This link looks like a course link. limit is a parameter that limits the number of records displayed on a webpage (just 10 records), and offset is an offset parameter (which is also 10 by default, that is to say, 10 new course records will be refreshed after the mouse slides down, that is, the offset will increase by an integer multiple of 10, and 10 records will be added for each pull-down request ), primary des is a module. live is used here.
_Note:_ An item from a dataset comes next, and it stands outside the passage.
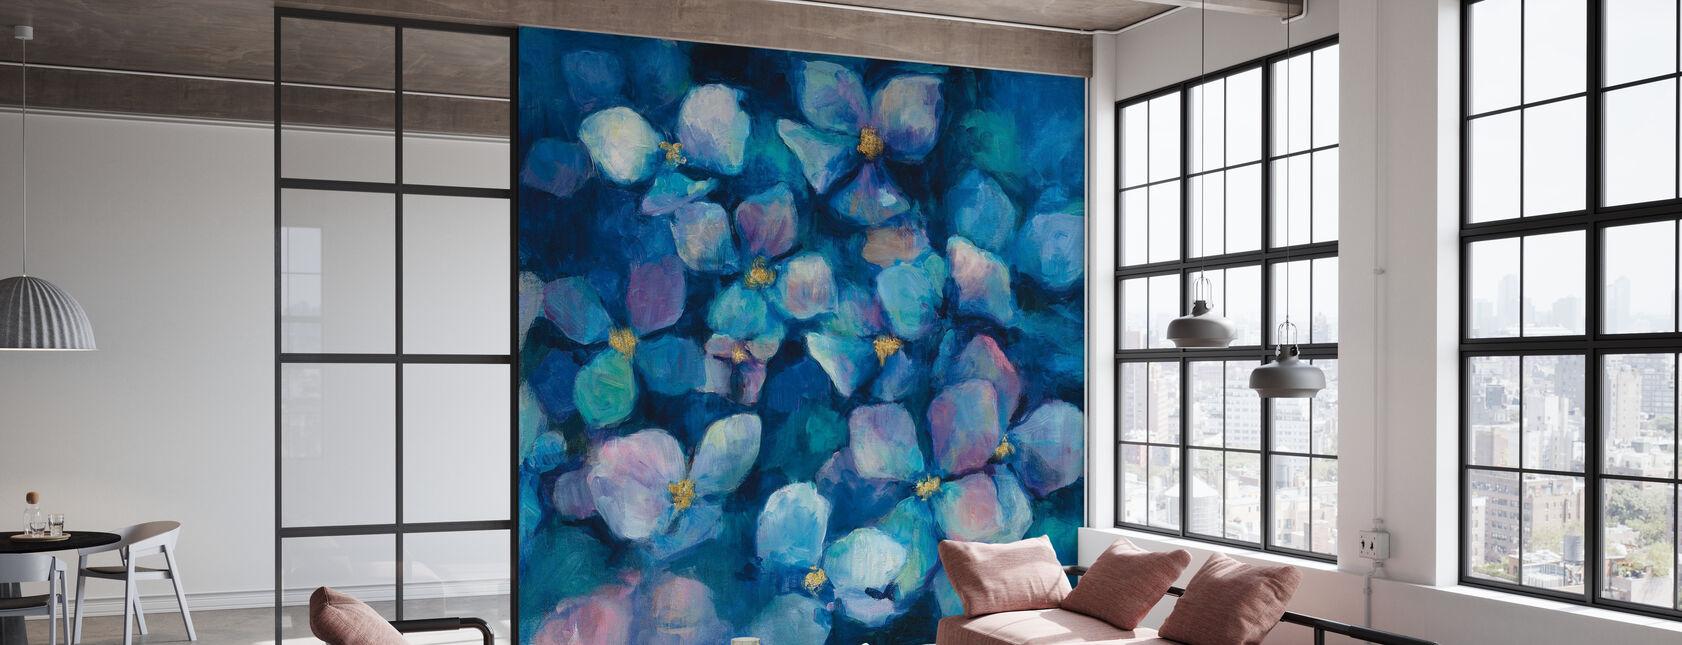 Midnight Blue Hydrangeas with Gold - Wallpaper - Office
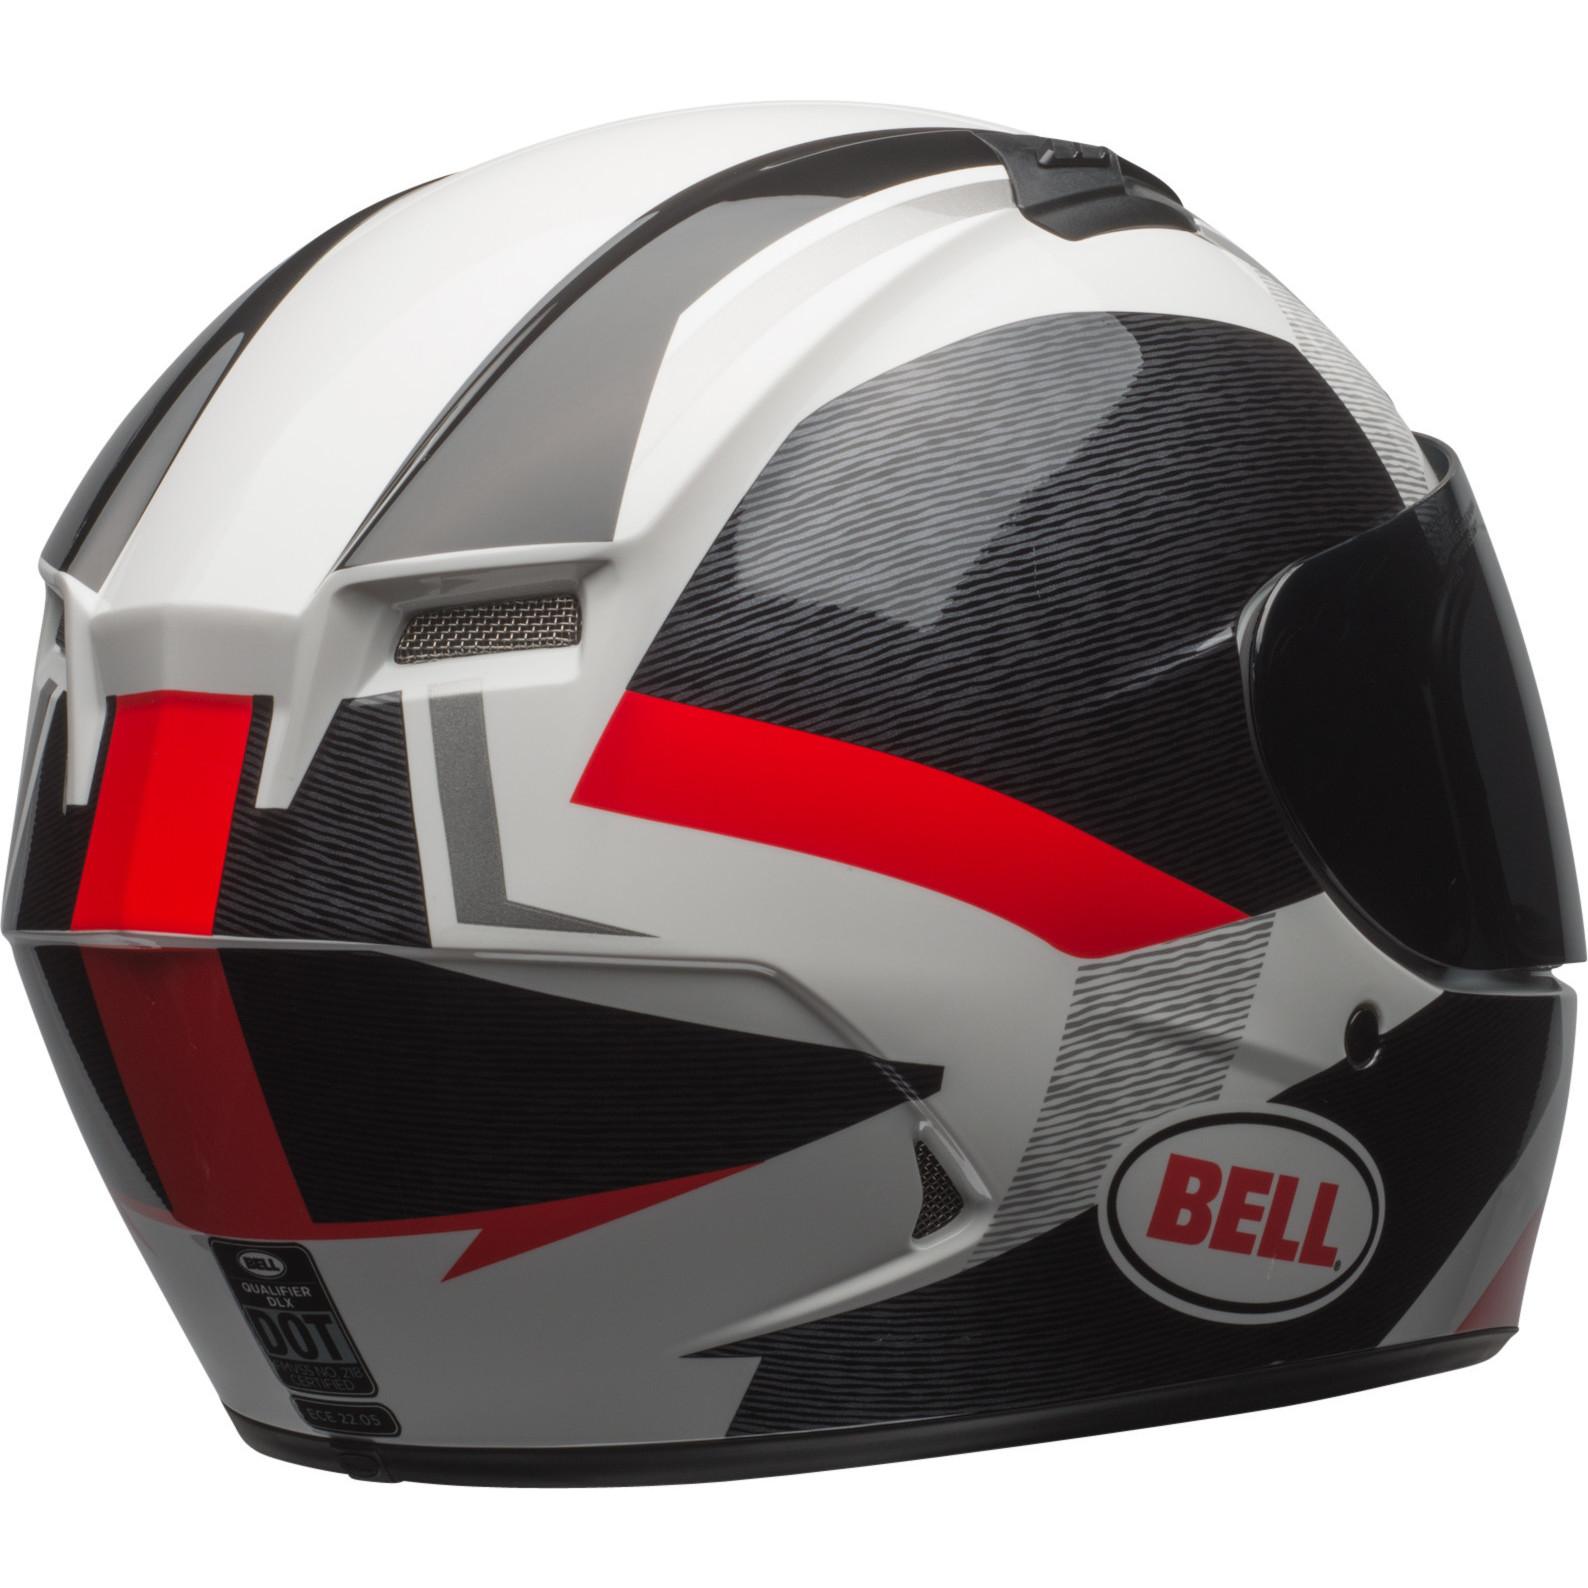 Bell Qualifier DLX MIPS Accelerator Red//Black Sports Motorcycle Motorbike Helmet

Is that the case? Let's click this xhr request and go to the webpage preview on the lower right side to view the details. It's a pity that we just want the information, are all stored in the form of json data packets on the web site as a https://api.zhihu.com/lives/homefeed? Limit = 10 & offset = 10 & commondes = live.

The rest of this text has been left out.